Rev. Cardiovasc. Med. 2024, 25(1), 10; https://doi.org/10.31083/j.rcm2501010
Submitted: 21 July 2023 | Revised: 21 August 2023 | Accepted: 25 August 2023 | Published: 9 January 2024
Copyright: © 2024 The Author(s). Published by IMR Press.
This is an open access article under the CC BY 4.0 license.
Abstract

Background: The combination of left atrial appendage closure (LAAC) and catheter ablation (CA) in a single procedure is a safe and effective form of treatment for atrial fibrillation (AF). However, several findings have argued that LAAC might increase the risk of AF recurring. Therefore, this study investigated the impact of insufficient ablation on AF recurrence after the hybrid procedures of CA and LAAC. Methods: We reviewed 107 consecutive patients with AF who received the CA and LAAC hybrid procedures (combined group). In the case–control study, another 107 patients who underwent only CA (ablation group) were successfully matched using propensity score matching. After correcting the insufficient ablation, 107 consecutive patients were enrolled prospectively. During the follow-up period, postprocedural 24-hour monitor recordings and a portable electrocardiogram (ECG) monitoring device were used to detect AF recurrence. Transesophageal echocardiography was used to evaluate LAAC. Results: The combined group showed an increase in the risk of AF recurrence after 539.2 ± 304.4 days of follow-up (29.9% vs. 15.9%, p < 0.05). Interestingly, the duration of the procedure was not significantly prolonged when LAAC was added after CA in the combined group, while there was a higher number of ablating attempts, duration of ablation, and additional ablation in the ablation group for both radiofrequency and cryoballoon ablation. After correcting for the insufficient ablation, the corrected group showed a significant decrease in AF recurrence after 420.4 ± 204.8 days of follow-up. Conclusions: Insufficient ablation is common when combining CA and LAAC and may lead to the recurrence of atrial fibrillation. It should be corrected intentionally by sufficient ablation of the pulmonary vein antrum and additional ablation. Clinical Trial Registration: The prospective study is a sub-study of our CAGEDAF study that has already been registered (ChiCTR2000039746).

Keywords
atrial fibrillation
hybrid procedure
left atrial appendage closure
catheter ablation
insufficient ablation
1. Introduction

Atrial fibrillation (AF) is responsible for an increased risk of thromboembolic stroke and impaired quality of life [1]. Catheter ablation (CA), including radiofrequency ablation and cryoballoon ablation, has become a standard procedure to attenuate the symptoms and improve the quality of life of patients with AF, by reducing the AF burden [2]. However, previous studies have failed to find significant reductions in the risk of stroke after AF ablation [3, 4]. Consequently, clinical guidelines recommend antithrombotic therapy in AF patients to reduce the risk of stroke even after catheter ablation [5]. Additionally, the issue of bleeding risk in patients with continuous anticoagulation after AF ablation has received considerable critical attention [6].

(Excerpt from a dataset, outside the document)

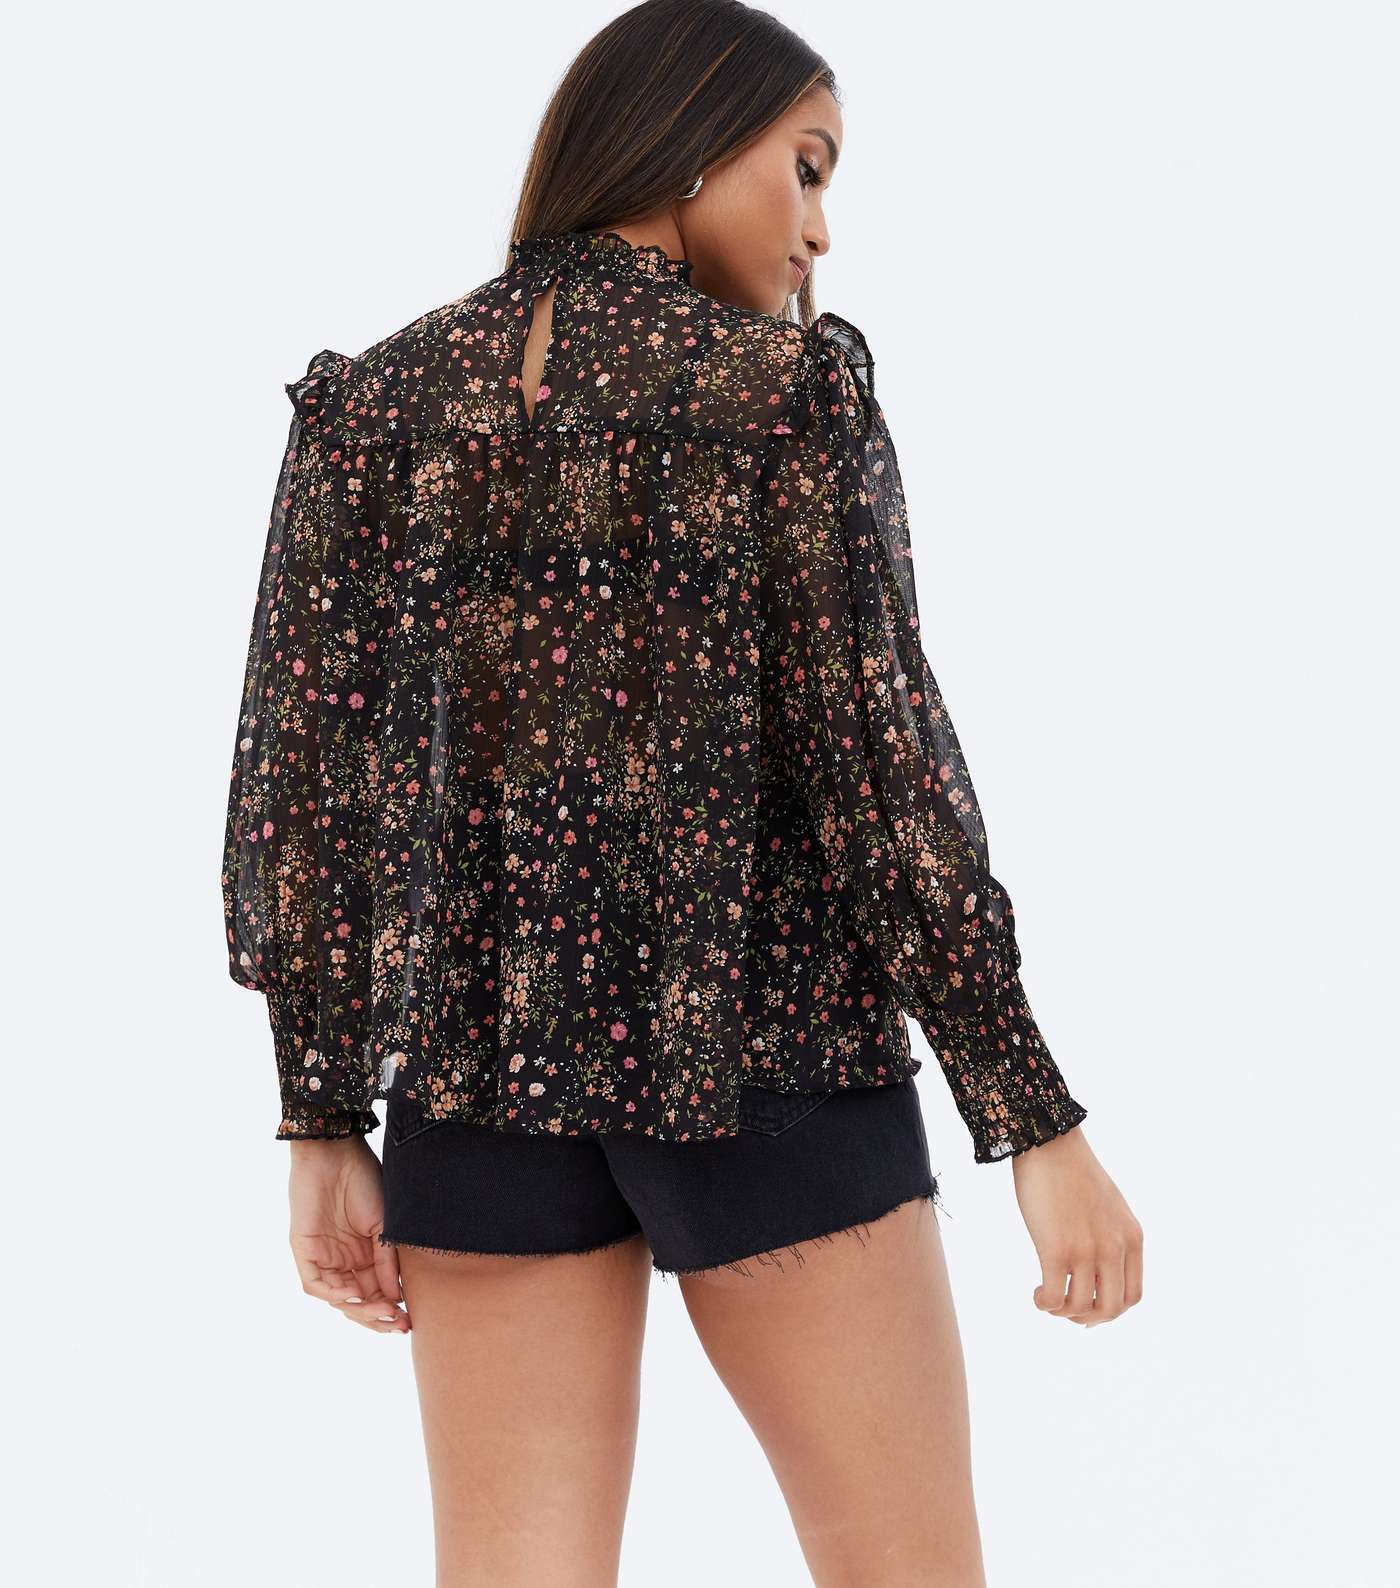 Petite Black Ditsy Floral Chiffon High Neck Puff Sleeve Blouse Image 4

In an effort to reduce both the risk of embolism and bleeding, left atrial appendage closure (LAAC) has been widely used in patients with a high CHA2DS2-VASc score and a high HAS-BLED score. Therefore, for this particular population, the hybrid procedures of LAAC and CA have become an alternative treatment strategy [7]. The greater part of the research on the hybrid procedures of CA and LAAC has emphasized the safety and feasibility of this hybrid regimen since they can not only be used to improve symptoms and quality of life but also to significantly reduce the risk of stroke [8, 9]. In contrast, there are also some other studies that argue that left atrial structural remodeling after LAAC may lead to a higher risk of AF recurrence [10, 11]. However, these previous findings remain inconclusive. Therefore, a case–control study was performed that focused on the risk factors of an increased recurrence of atrial tachycardia or AF after the hybrid procedure. Successively, a prospective study was conducted on improving the efficiency of AF ablation after correcting for insufficient ablation.

2. Materials and Methods
2.1 Case–Control Study

Between January 2017 and December 2018, there were 107 symptomatic nonvalvular AF patients (combined group) included in this single-center study, who underwent CA combined with LAAC at Changhai Hospital. The inclusion criteria were a HAS-BLED score 3 or intolerance to chronic oral anticoagulation. The exclusion criteria were as follows: (1) aged 18 years; (2) LA thrombus; (3) LA diameter 55 mm. Controls were selected by propensity score matched analysis, using age, sex, HAS-BLED score, and CHA2DS2-VASc score to reduce potential confounding bias. Patients in the ablation group were matched 1:1 with patients in the combined group (Supplementary Material). AF-free survival rate was compared between the combined group and the ablation group.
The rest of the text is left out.